Well, actually, most of ours is based on what really happened and yours is
based on some fantasy of how it happened. But that's OK, I understand you
have a hockey background. Stats like "plus/minus" make RBI look good.

>>Is it Viola's fault that Boston had no offense?  Is it *because* of Morris that
>>the Blue Jays had such a strong offense?  Don't tell me that Morris has this
>>magical ability to cause the offensive players to score more runs.
>This is the perfect example of your problem.  You are isolating Viola's
>contribution from the rest of the team's efforts.  You can only do
>this if you can say for sure what the team would have done without 
>Viola.  Only then can you compare.  But you cannot know how the team
>would have done without Viola.  Your analysis is fallacious.

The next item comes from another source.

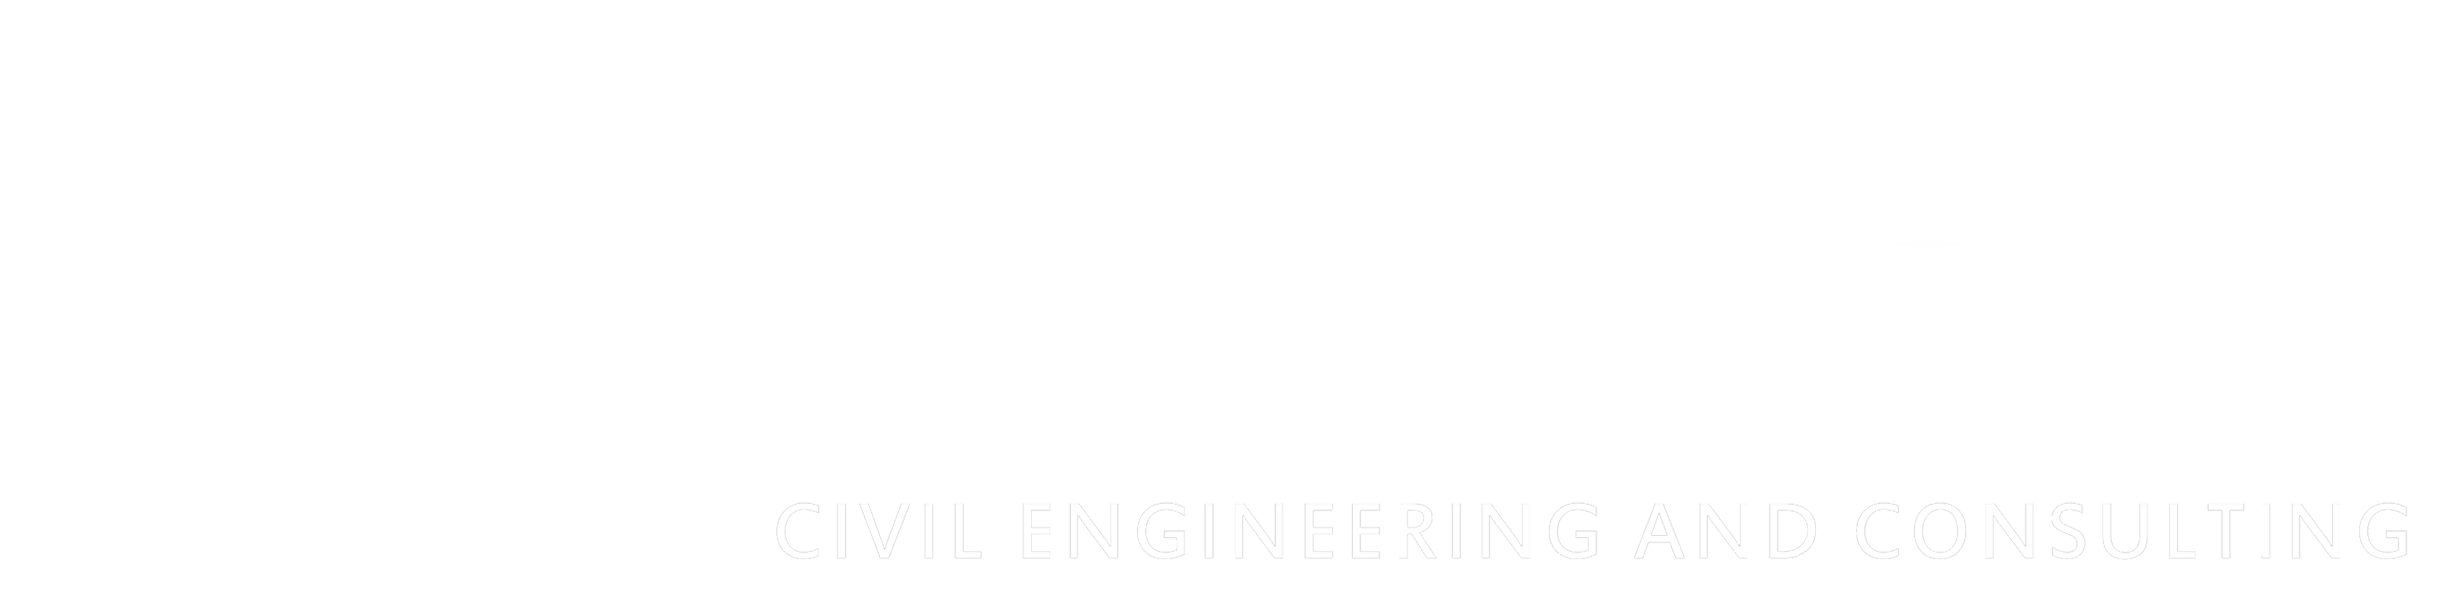 Venturi Engineers
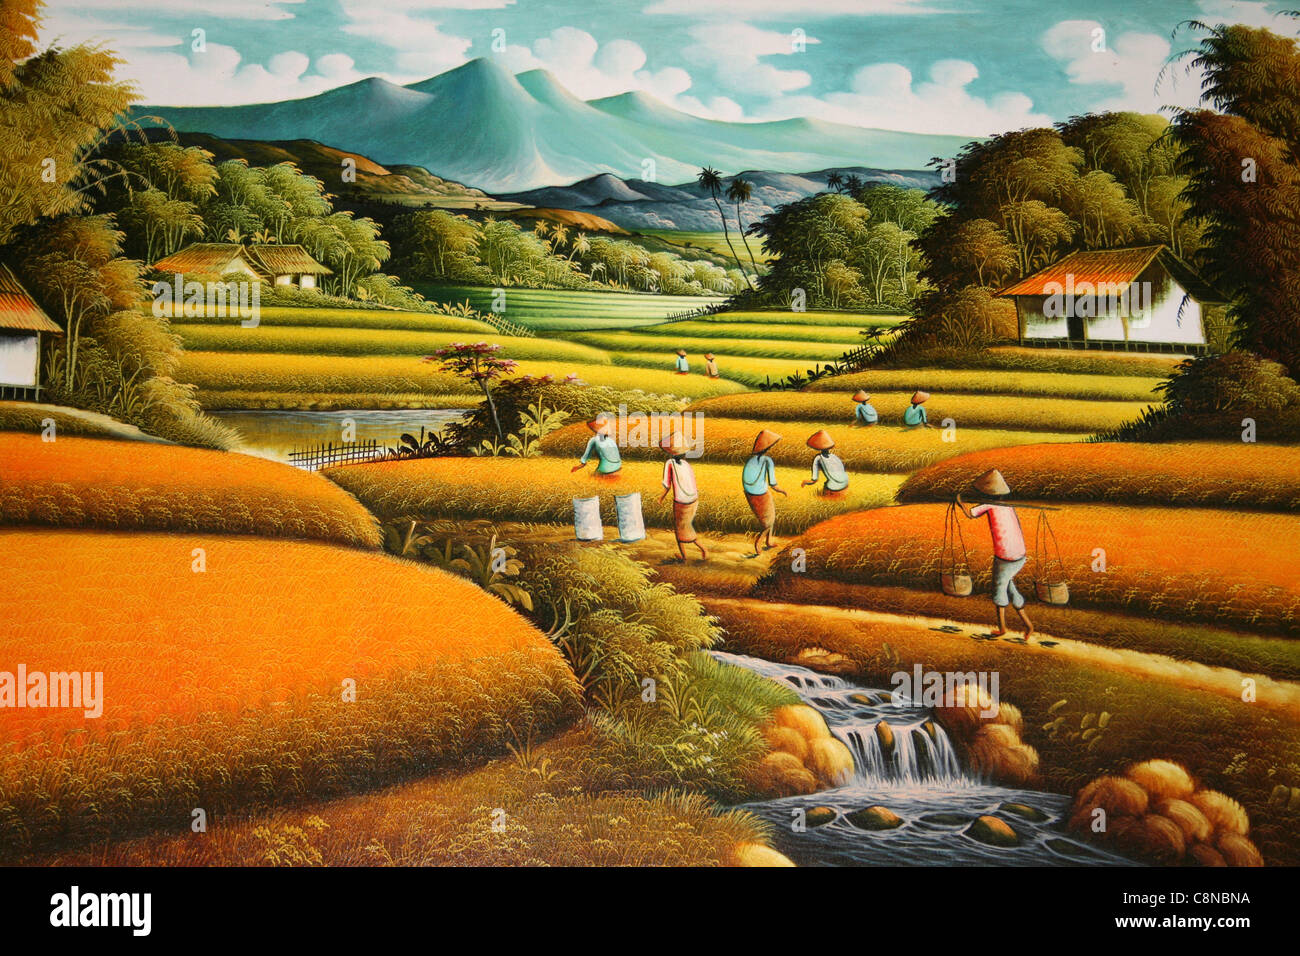 Traditionelle indonesische Malerei der Reisfelder vor dem Hintergrund eines Vulkans Stockfoto

OK, how about a straigh answer, then. Here's a very simele question to which
I'm sure a fair number of us are very interesed in the answer to. Please
answer yes or no, Roger:
 Can a pitcher cause the offensive players on his team to score more runs?
AL only, please.

For anyone else following along, it is a well-known and demonstrable fact
that a team's win-loss record is closely related to the number of runs the
team scores and the number the team allows. It's not a definite,
hard-and-fast function, but there is definitely a correlation. In fact, as a
rule of thumb, if teams A and B both score X runs and team A allows Y runs,
for every 10 runs fewer than Y that team B allows, it will win another game.
So, for instance, if we look at the 1991 Toronto Blue Jays, we find that
they scored 780 runs and allowed 682, of which Morris allowed 114. All other
things being equal, if Frank Viola, with his 3.44 ERA had replaced Jack
Morris for the 240.2 innings Morris threw (plausible, since Viola threw 238
for Boston), the "Red Jays" would have allowed about 15 fewer runs, or
enough for 1-2 more wins. Now, that doesn't take into account that Viola
pitched half his innings in Fenway, which is a harder park to pitch in
(particularly for a lefthander) than Skydome. So, um, Roger. Unless you
really do believe that a pitcher can somehow affect the number of runs
his team scores, could you enlighten us to the fallacy in this
analysis? Clearly, it would be foolhardy to claim that Viola would
necessarily have put up a 3.44 if he had been on the Jay last year, but
that is not the claim. We look at what the actual performances were and
evaluate Viola's as better than Morris' in the sense that "had Morris
performed as Viola did, his team would have been better off."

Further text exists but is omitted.